Emile, flic du côté de Montmartre et ancien prisonnier de guerre de la Prusse Orientale, aujourd'hui l'actuelle Pologne, avait longtemps rêvé de fonder une famille et de se faire muter en Province. Juliette, elle, travaillait à La Madeleine en plein cœur de Paris et avait logé chez sa mère jusqu'à sa rencontre avec Emile. Les mariés opposés, en dignes représentants de la génération silencieuse, s’étaient aimés au départ, sans se douter qu’ils n’étaient pas sur la même longueur d’onde. Leurs univers étaient trop différents ainsi que leurs désirs et leurs aspirations. Juliette était casanière et Emile trop sociable.

Emile, de son côté, aimait tendrement sa fille et s’efforça de lui enseigner des choses que sa femme serait incapable de faire.

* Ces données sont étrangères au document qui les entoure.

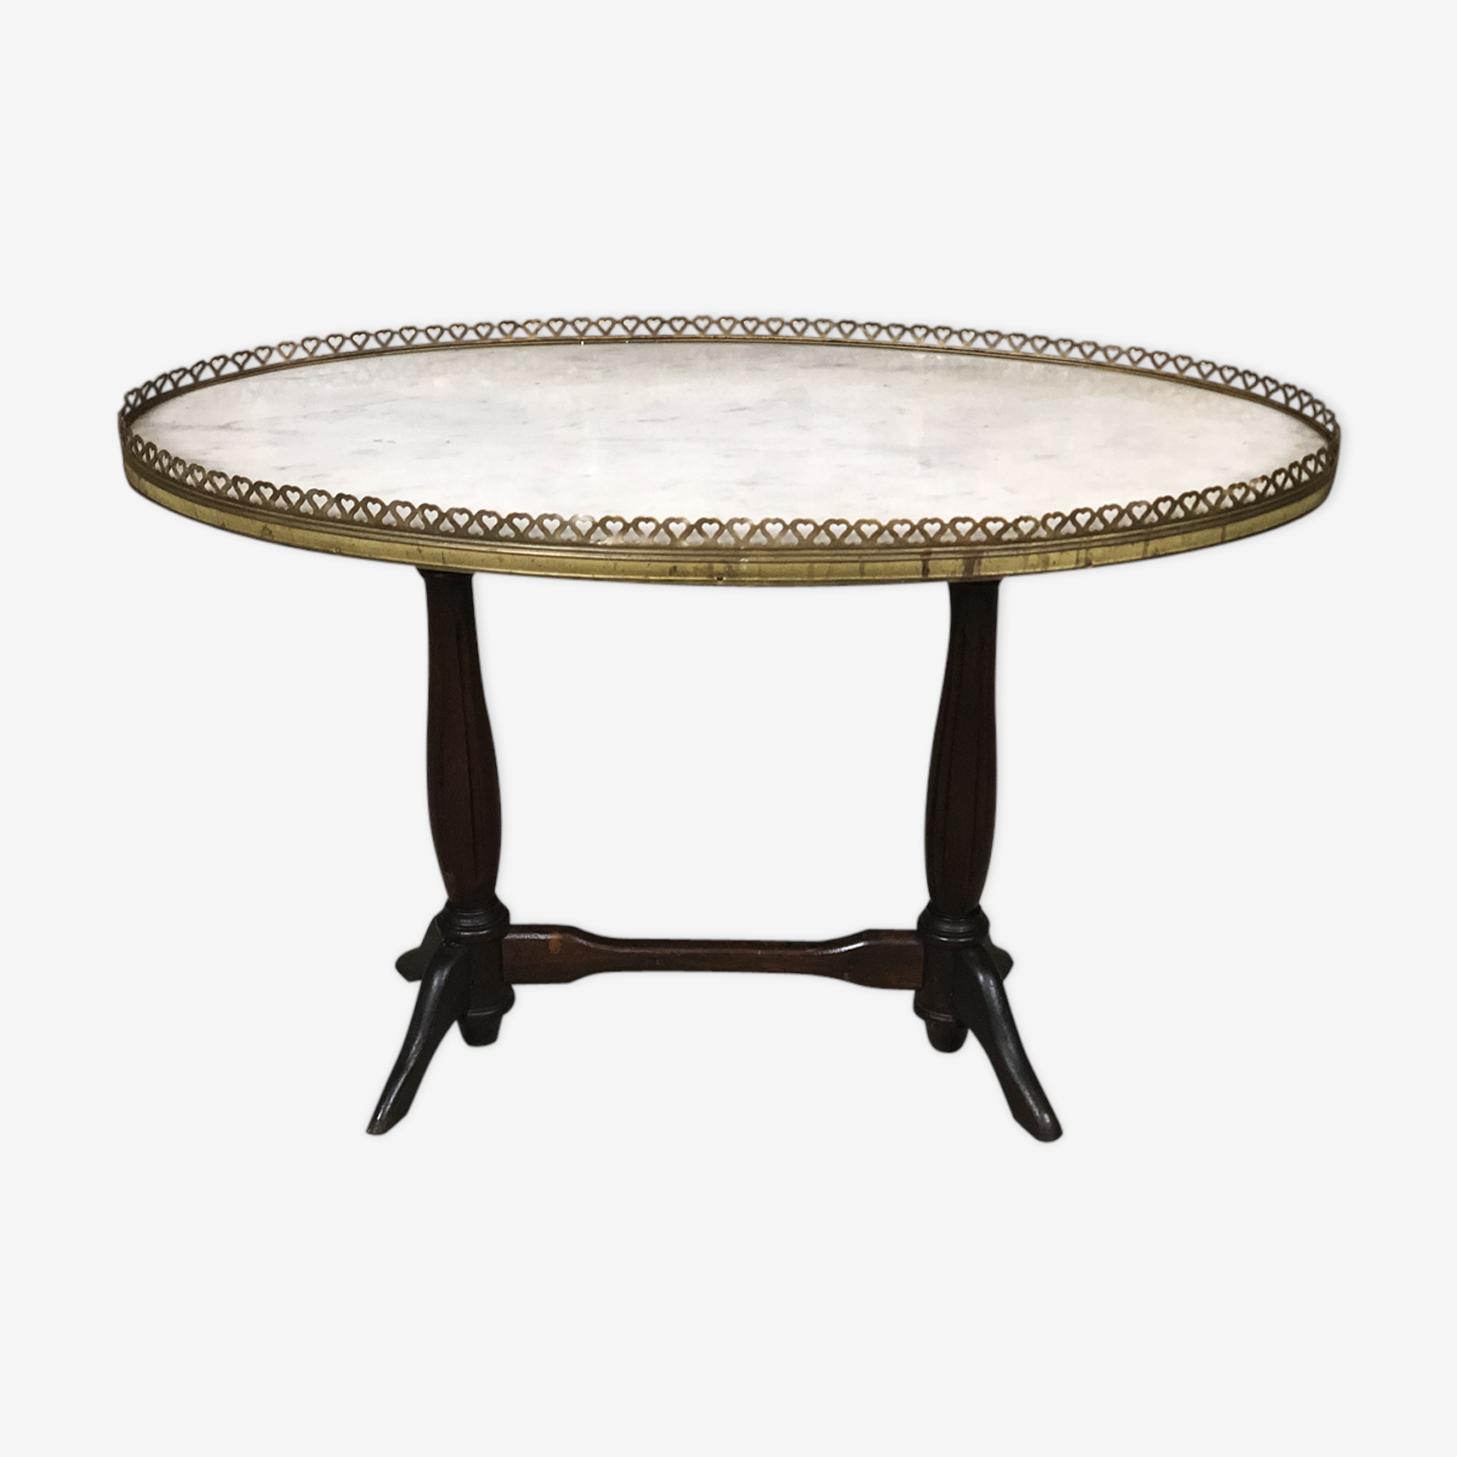 Table basse sur pied double cerclée galerie laiton, dessus marbre

Il ressentit la forte envie de demander une mutation dans le Sud-est et il parvint à obtenir le Gard. Paris l’étouffait de plus en plus tandis que Juliette adorait faire les boutiques. Cette dernière accepta à contrecœur la mutation d’Emile et le suivit avec Louise. Les années passèrent et leur fille atteignit la majorité. Il était temps pour elle d’avoir sa propre vie et son espace. Emile avait redouté ce moment alors que Juliette attendait que les choses passent. Entre ce père trop aimant et protecteur et cette mère dont le mot principal était « non », Louise ne sut jamais quoi penser sur la relation qui unissait ses parents. S’aimaient-ils vraiment ? Longtemps elle se posa la question…

Lorsque Louise se maria avec un militaire et partit vivre dans le Vaucluse, Emile se consacra à la pêche, laissant Juliette seule à la maison avec leur chien. Celle-ci s’occupait de ses rendez-vous chez le coiffeur et de ses achats de pots de fleur. Un beau jour, Emile partit à la pêche pour la journée. La veille, il s’était disputé avec Juliette après que cette dernière lui eut avoué qu’elle avait refusé d’accompagner Louise pour son rattrapage de trois points au bac, trois ans auparavant. Sa fille ne l’avait jamais avoué et ce fut Juliette, qui piquée au vif, cracha le morceau. Emile en fut vert de rage et comprit enfin la vraie nature de Juliette, la belle en cuisse bousculée sur une plage de sable fin à Saint-Tropez. La dispute s’était finie aussi brutalement qu’elle avait commencé. Lorsqu’elle vit Emile partir pour la pêche le lendemain, Juliette continua ses occupations et prit soin de ses chères petites fleurs. Elle pensa également à sa permanente à faire refaire…Lorsque l’horloge sonna dix-huit heures, Emile n’était toujours pas rentré. Vingt-et-une heures arrivèrent puis vingt-deux heures. Juliette alla sonner chez la voisine Paulette pour lui expliquer qu’elle était inquiète à cause de son mari. Paulette ne perdit pas de temps et appela son fils qui était gendarme pour signaler une disparition. Le lendemain, Juliette alla au commissariat le plus proche et expliqua la disparition de son mari. La police et les gendarmes orientèrent sans plus tarder leurs recherches vers l’endroit préféré d’Emile, les bords de la Cèze. Or, à ce jour, aucune nouvelle. Rien. Pas même ses affaires. Peut-être était-il parti. Les recherches piétinèrent…Quant à la sexagénaire, elle raconta sa dispute avec Emile à sa fille mais ne sut rien dire de plus. Une profonde fatigue l’envahit progressivement mais elle retrouva quelque chose qu’il n’y avait plus chez elle depuis longtemps : le silence. Semaines après semaines, Juliette cessa d’attendre et elle rejoignait souvent ses fleurs.